For each of these users we will search for up to 4 friends. We locate friends
by comparing the userId
of our current user with the friendOf
attribute of the
relations
document. For each of those relations found we return the users name
and the userId of the friend.
Horizontal lists
Note that in the above result, a user can be returned multiple times. This is the SQL way of returning data. If this is not desired, the friends’ ids of each user can be returned in a horizontal list. This will return each user at most once.

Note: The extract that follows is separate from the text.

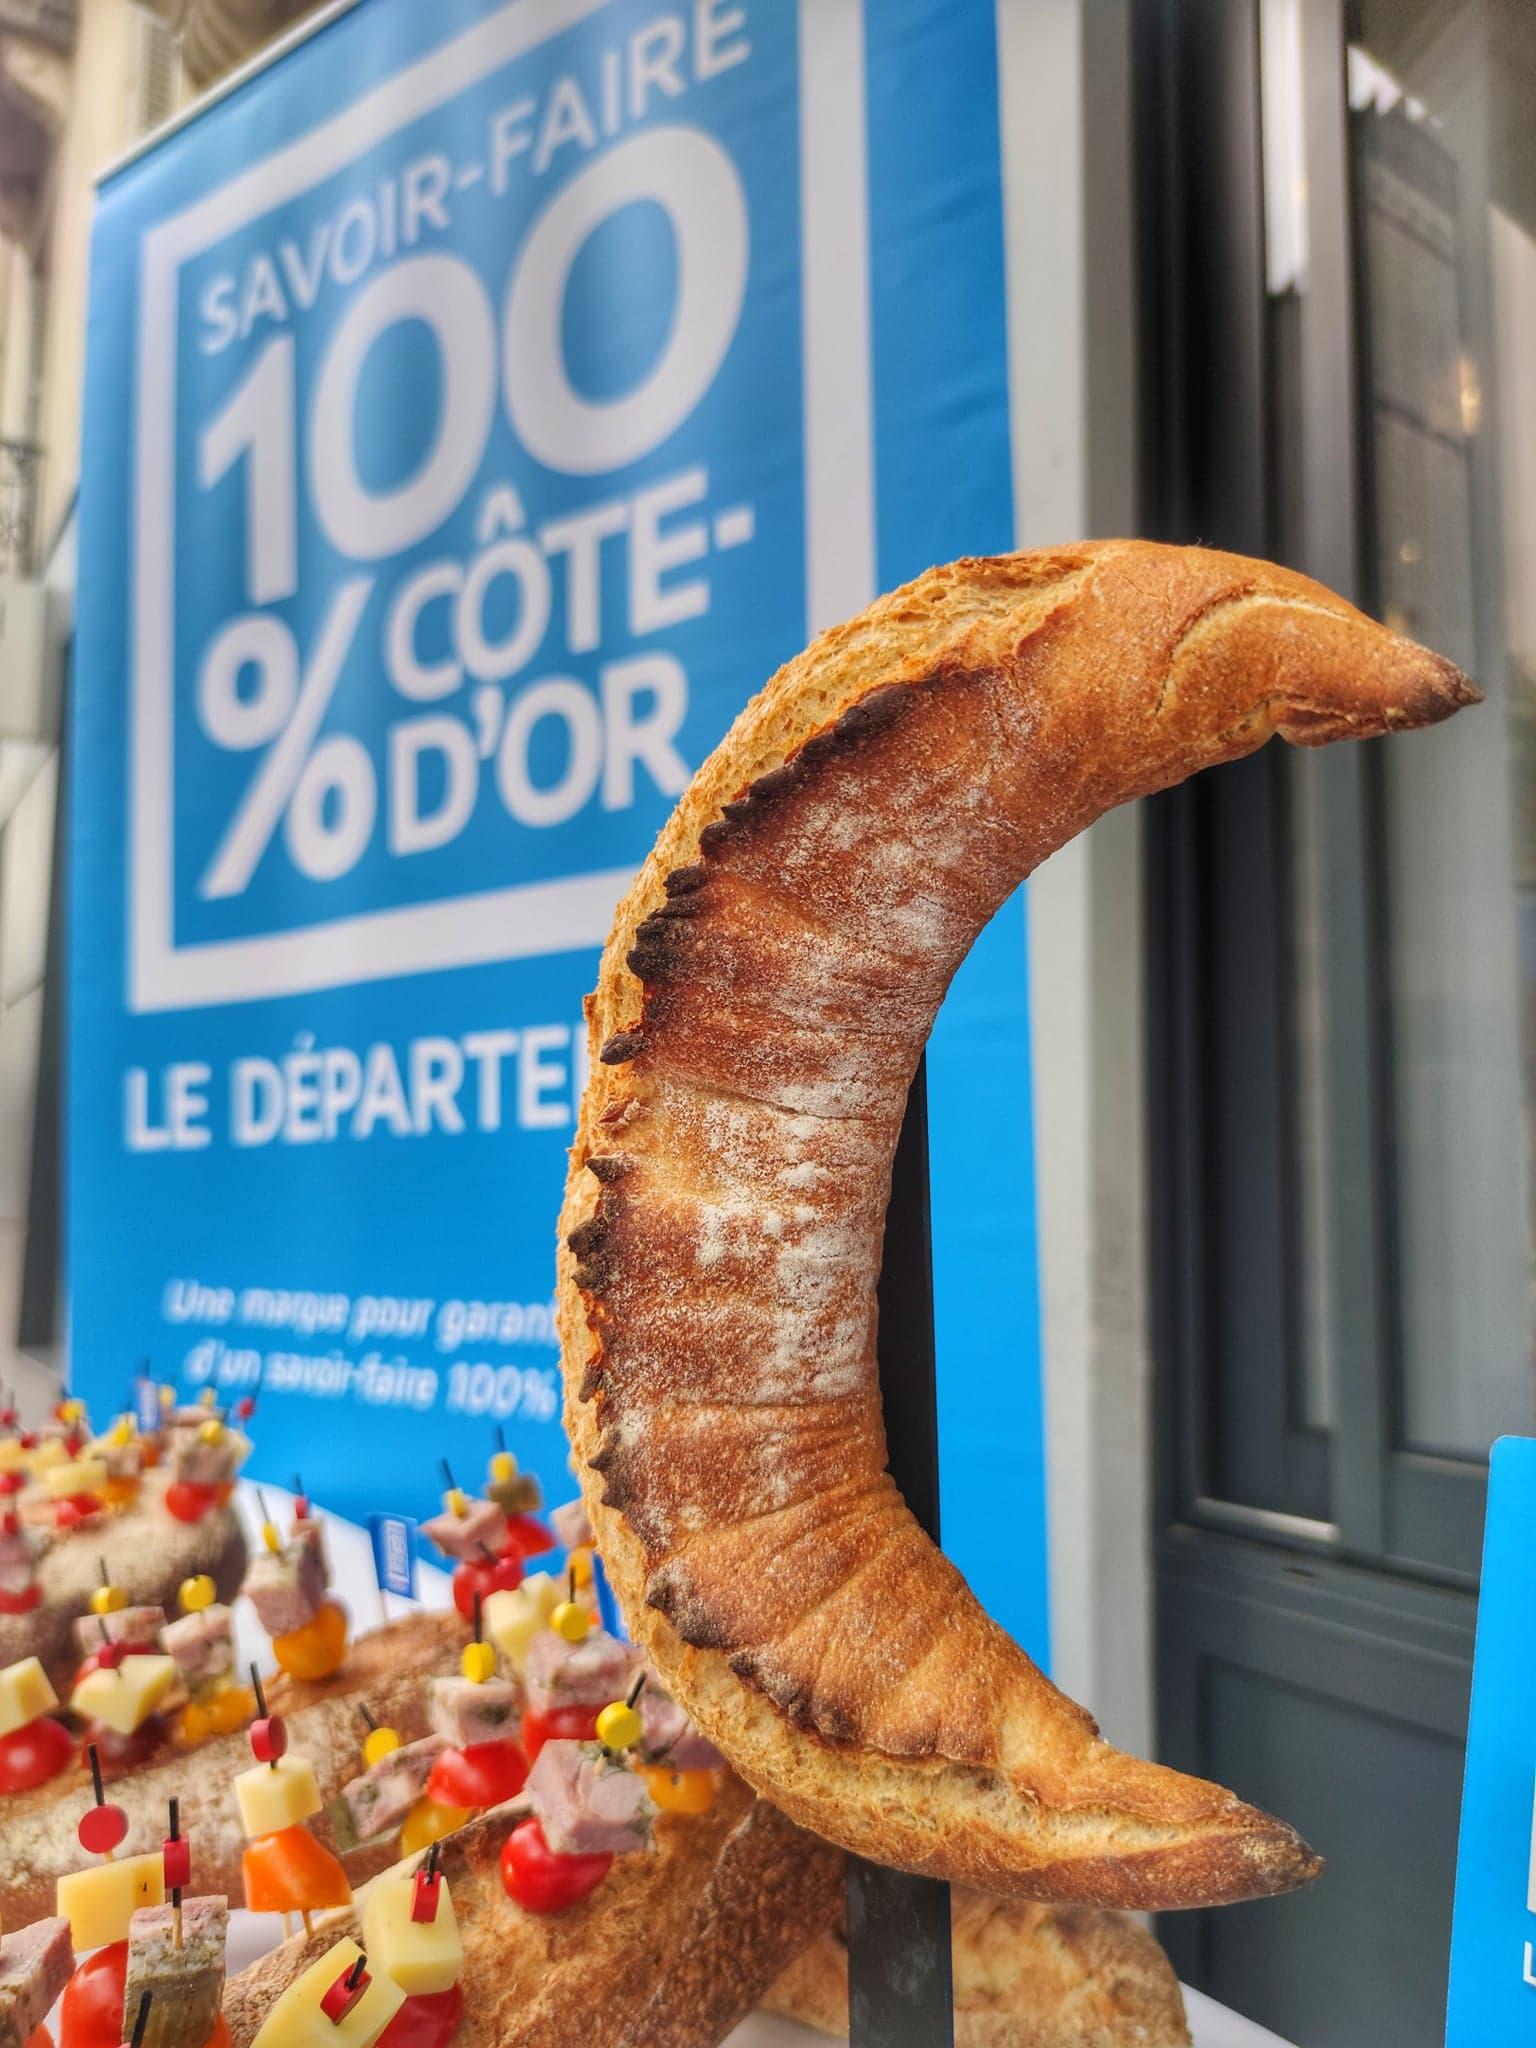 Une première boulangerie labellisée Savoir-faire 100% Côte-d'Or à Dijon

The AQL query for doing so is:
FOR u IN users
FILTER u.active == true LIMIT 0, 4
RETURN {
"user" : u.name,
"friendIds" : (
FOR f IN relations
FILTER f.friendOf == u.userId && f.type == "friend"
RETURN f.thisUser
)
}
[
{
"user" : "Abigail",
"friendIds" : [
108,
102,
106
]
},
{
"user" : "Fred",
"friendIds" : [
209
]
},
{
"user" : "Mary",
"friendIds" : [
207,
104
]
},
{
"user" : "Mariah",
"friendIds" : [
203,
205
]
}
]
In this query we are still iterating over the users in the users
collection
and for each matching user we are executing a subquery to create the matching
list of related users.
Self joins
To not only return friend ids but also the names of friends, we could “join” the
users
collection once more (something like a “self join”):
FOR u IN users
FILTER u.active == true
LIMIT 0, 4
RETURN {
"user" : u.name,
"friendIds" : (
FOR f IN relations
FILTER f.friendOf == u.userId && f.type == "friend"
FOR u2 IN users
FILTER f.thisUser == u2.useId
RETURN u2.name
)
}
[
{
"user" : "Abigail",
"friendIds" : [
"Jim",
"Jacob",
"Daniel"
]
},
{
"user" : "Fred",
"friendIds" : [
"Mariah"
]
},
{
"user" : "Mary",
"friendIds" : [
"Isabella",
"Michael"
]
},
{
"user" : "Mariah",
"friendIds" : [
"Madison",
"Eva"
]
}
]
This query will then again in term fetch the clear text name of the friend from the users collection. So here we iterate the users collection, and for each hit the relations collection, and for each hit once more the users collection.
Outer joins
Lets find the lonely people in our database - those without friends.
FOR user IN users
LET friendList = (
FOR f IN relations
FILTER f.friendOf == u.userId
RETURN 1
)
FILTER LENGTH(friendList) == 0
RETURN { "user" : user.name }
[
{
"user" : "Abigail"
},
{
"user" : "Fred"
}
]
So, for each user we pick the list of their friends and count them. The ones where
count equals zero are the lonely people. Using RETURN 1
in the subquery
saves even more precious CPU cycles and gives the optimizer more alternatives.
Index usage
For joins in particular, you should make sure indexes can be utilized to speed up your queries.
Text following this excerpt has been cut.